Indeed, it is difficult to imagine another plausible cause of the 2008-2009 financial crisis.  Popular accounts simply refer to a speculative housing price bubble.  But productivity growth in housing construction is faster than in the economy as a whole [citation omitted] and the US has an aggressive and competitive housing construction sector.  In the absence of excessive controls, housing construction would quickly deflate a speculative housing price bubble.

A final comment is that there appears to be no interest at any level of government, or among the articulate population, in reducing the stringency of land use controls.  Indeed, recent trends are in the opposite direction. (200)

Jansen and Mills rely heavily on a dataset constructed by Joseph Gyourko and others to analyze local land use control stringency.  I am not in a position to evaluate the dataset or the model that they use, but their findings are consistent with those of Gyourko and Edward Glaeser in Rethinking Federal Homeownership Policy.

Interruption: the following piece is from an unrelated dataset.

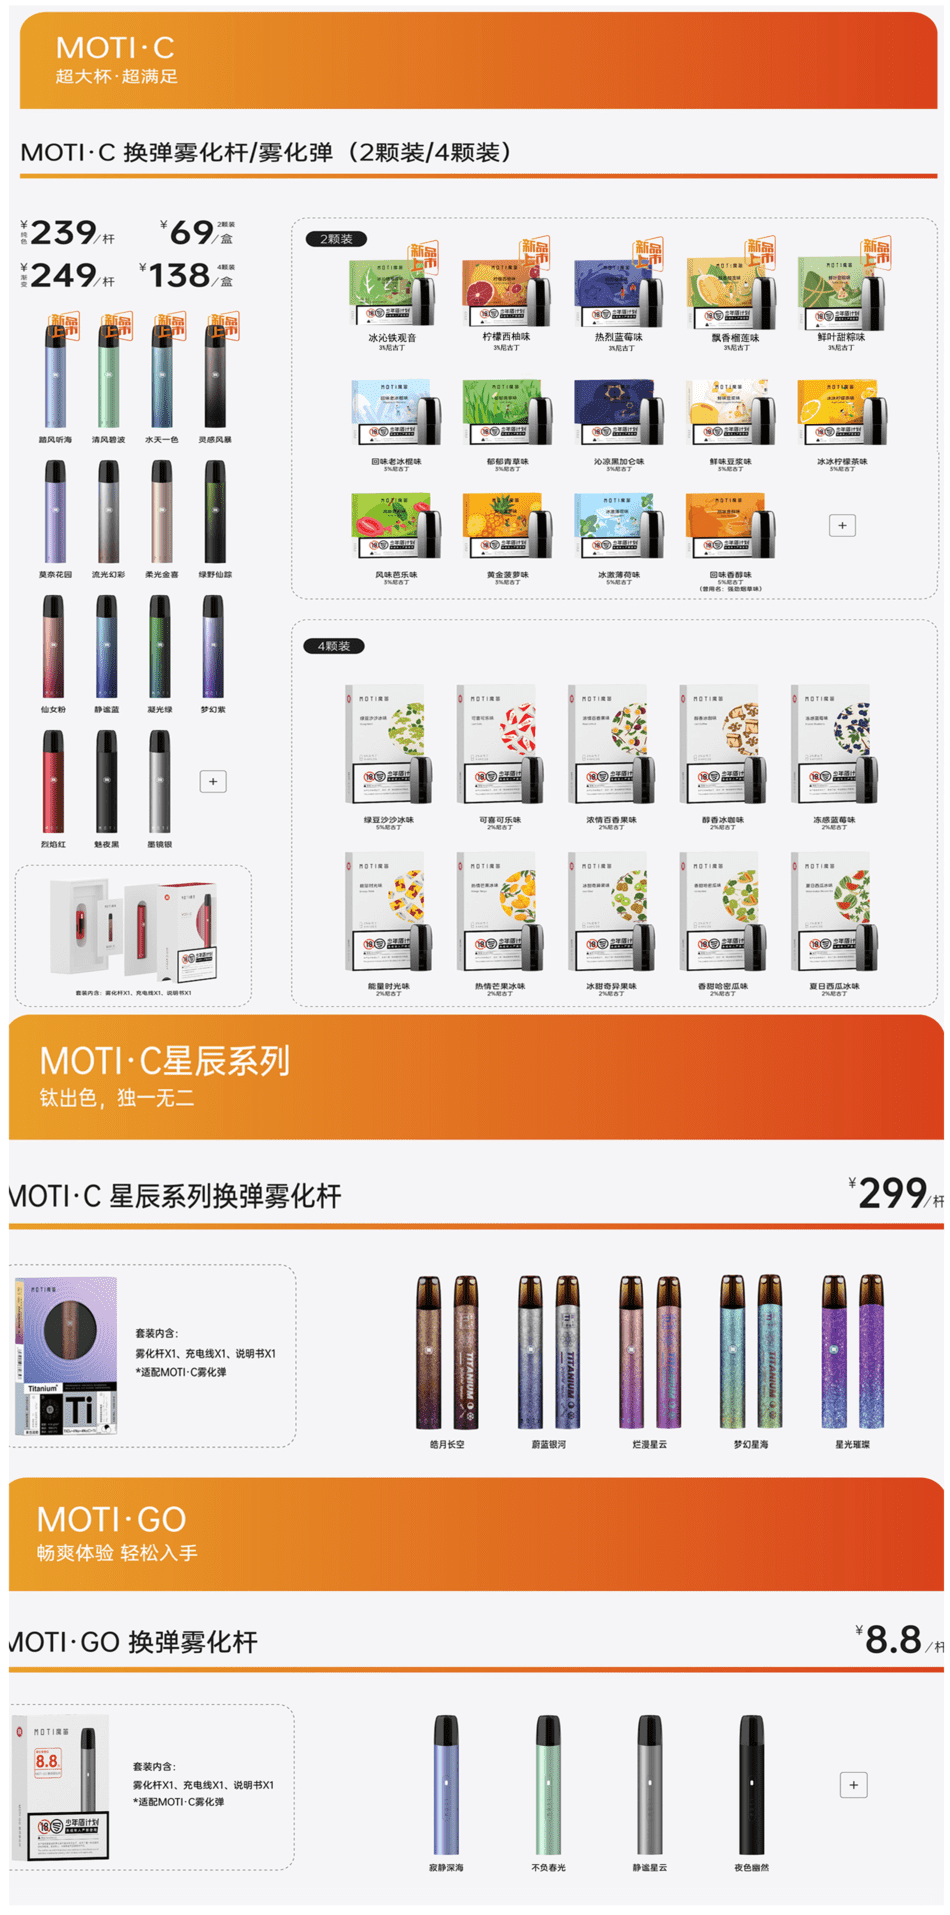 魔笛电子烟官方售价是多少钱？哪里能买到更便宜的魔笛产品？

It seems to me that Jansen and Mills overstate their case quite a bit — stringent land use controls may have been a necessary condition for the bubble, but I can’t see how their argument demonstrates that it was sufficient unto itself.  That being said, I would agree wholeheartedly that this hypothesis is worthy of serious study.  The relationship between land use and housing policy is way more important than most members of the “articulate population” understand.